Louis Bertrand (12 October 1779 – 11 September 1871) was a Canadian seigneur, businessman and political figure.

Bertrand was born in Cap-Santé, Quebec in 1779. He worked as baker at the Petit Séminaire de Québec, then moved to L'Isle-Verte in 1811 and opened a store there. In 1818 and 1819, he leased the rights to the mill and seigneury at L'Isle-Verte; in 1849, he purchased the title to the seigneury. He built a sawmill and then another one in partnership with others. He also owned a wharf and boats at L'Isle-Verte. Bertrand was captain in the local militia, becoming lieutenant-colonel in 1862. He served as commissioner for the small claims tribunal.

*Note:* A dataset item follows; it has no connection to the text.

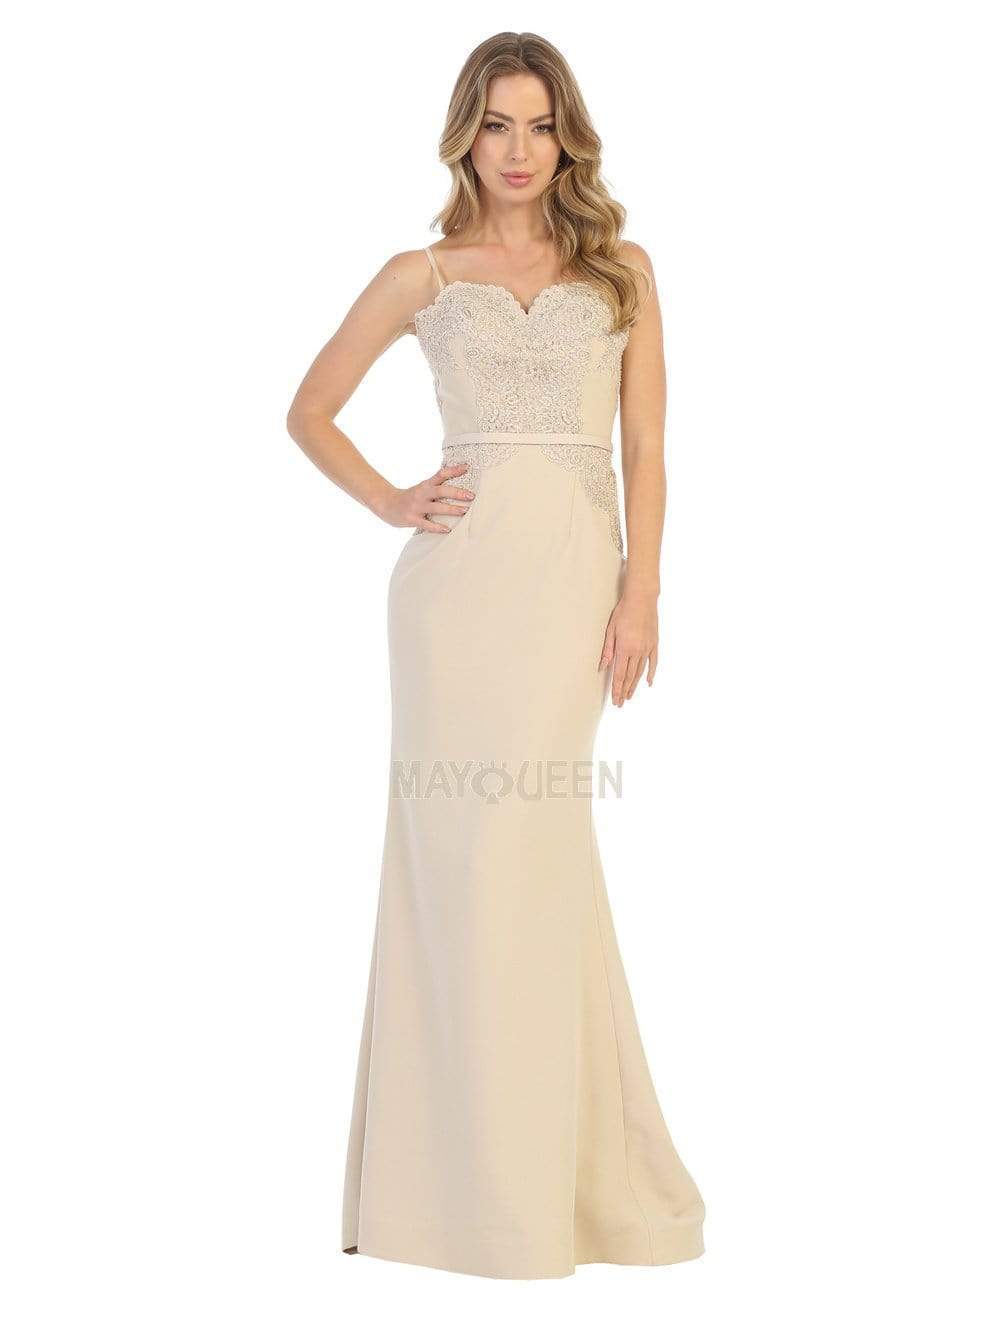 Image of May Queen - MQ1759 Scallop Lace Appliqued Sweetheart Bodice Dress

He was elected to represent Rimouski in the Legislative Assembly of Lower Canada in an 1832 by-election; he was reelected in 1834. Bertrand supported the Ninety-Two Resolutions. In 1844, he was elected to the Legislative Assembly of the Province of Canada for Rimouski. In 1845, he became the first mayor of L'Isle-Verte.

Bertrand died at L'Isle-Verte in 1871.

His son Charles was a member of the Canadian House of Commons.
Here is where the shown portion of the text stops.